Le jour 1 s'ouvre à Tarangire, où la rivière Tarangire en saison sèche attire des troupeaux d'éléphants pouvant compter des centaines de têtes venues de centaines de kilomètres à la ronde. D'anciens baobabs ancrent le paysage — certains millénaires, leurs branches argentées tendues vers le ciel comme les bras d'une chose patiente et immense. Vous dormez dans un lodge en bordure du parc ou à l'intérieur même du parc, de sorte à être sur les pistes dès l'ouverture des portes le lendemain.
Le jour 2 est le cadeau de Tarangire : une journée complète et sans contrainte, sans obligation de transfert. Un circuit matinal à travers la section nord, une poussée à midi vers le sud jusqu'au marais de Silale où le paysage passe de la savane à baobabs à une plaine inondable parsemée de palmiers, et un trajet retour l'après-midi tandis que la lumière tourne au cuivre. Le petit koudou, l'oryx à oreilles frangées et les pythons drapés dans les figuiers des rives font de Tarangire un lieu unique.
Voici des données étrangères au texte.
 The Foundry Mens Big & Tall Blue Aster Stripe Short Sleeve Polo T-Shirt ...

Les jours 3 et 4 sont consacrés au centre du Serengeti : la vallée de Seronera avec ses léopards résidents dans la canopée d'acacias, les rochers-kopjes où des prides de lions se sont établies depuis des générations, et — durant la fenêtre de juillet à octobre — la conscience que des centaines de milliers de gnous sont en mouvement quelque part dans cet écosystème. Deux nuits au même endroit, et une journée complète le jour 4 pour prouver que le Serengeti les mérite.
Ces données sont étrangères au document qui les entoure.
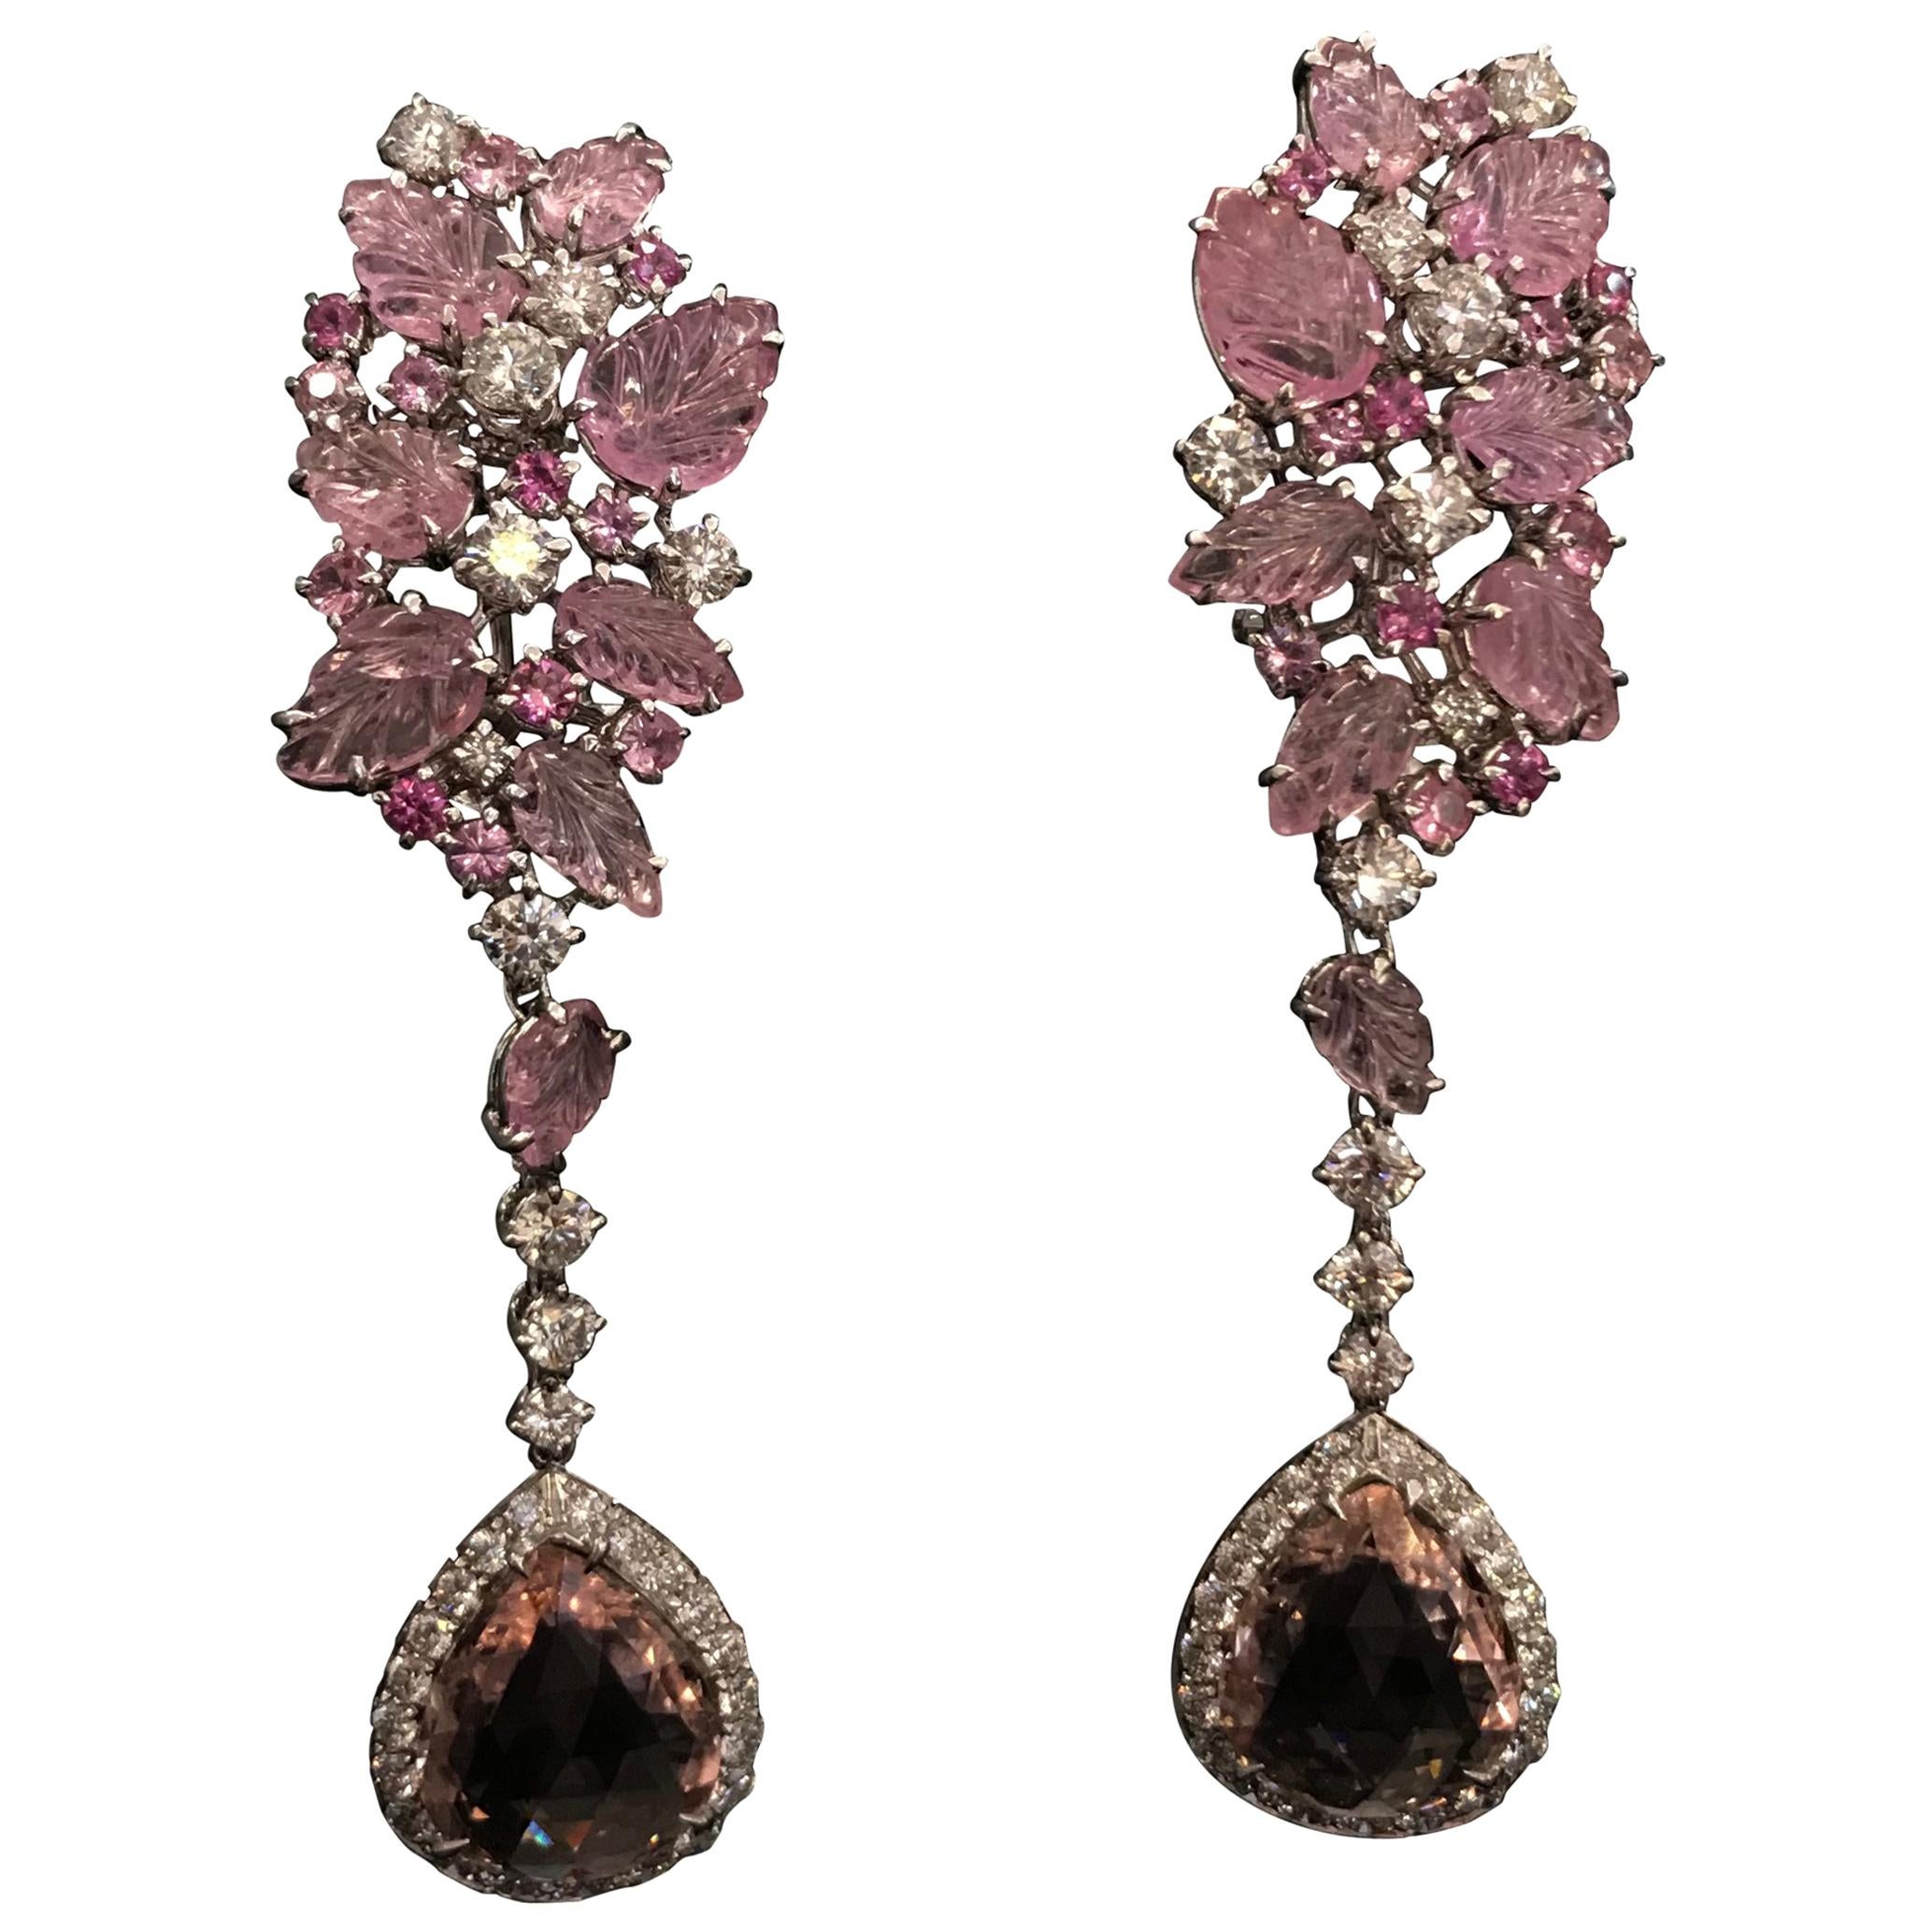 Chandelier Earrings Gold Diamonds Pink Sapphires Pink Tourmaline For Sale

Le jour 5 file vers le sud-est : la traversée de la NCA jusqu'à la crête du cratère, avec une arrivée à temps pour l'après-midi au lodge et un coucher de soleil frisquet sur la crête, la caldeira étalée en contrebas dans les dernières lueurs. Le jour 6 descend la piste de Seneto à 6h vers le fond du cratère — 260 kilomètres carrés, 25 000 grands mammifères, rhinocéros noir sur la prairie à découvert, flamants sur le lac Magadi — puis remonte via Lerai et roule trois heures et demie jusqu'à Arusha. Pas de retour à Karatu. Direction Arusha, prêt pour le vol qui compte vraiment.
Le jour 7 est la rupture géographique : un vol en petit avion vers l'ouest depuis Arusha, traversant l'intérieur de la Tanzanie que presque aucun visiteur ne voit jamais — les vastes forêts de miombo, les escarpements du rift occidental, le fil d'argent de l'eau descendant vers le lac Tanganyika. La traversée en bateau depuis la piste de Kalolwa jusqu'au parc national des monts Mahale prend quatre-vingt-dix minutes sur un lac long de 673 kilomètres et profond de 1 470 mètres. Aucun autre camp n'est visible depuis la plage, dans quelque direction que ce soit.
Les jours 8 et 9 sont des matinées de trek chimpanzé. Le groupe M — plus de soixante individus, habitués grâce à cinq décennies de recherche patiente et non intrusive — se déplace quelque part dans la canopée forestière montagnarde. Les pisteurs ont localisé leur position nocturne pendant votre sommeil. L'après-midi de chaque journée de trek appartient au lac : snorkeling au-dessus de jardins de cichlidés endémiques dans une eau si claire que vous pouvez vous orienter à vue jusqu'à quinze mètres, kayak le long d'un rivage forestier non aménagé, croisière en boutre traditionnel où le batelier signale des traces d'hippopotames sur des plages isolées. Le jour 10 est la traversée d'adieu et le vol du retour.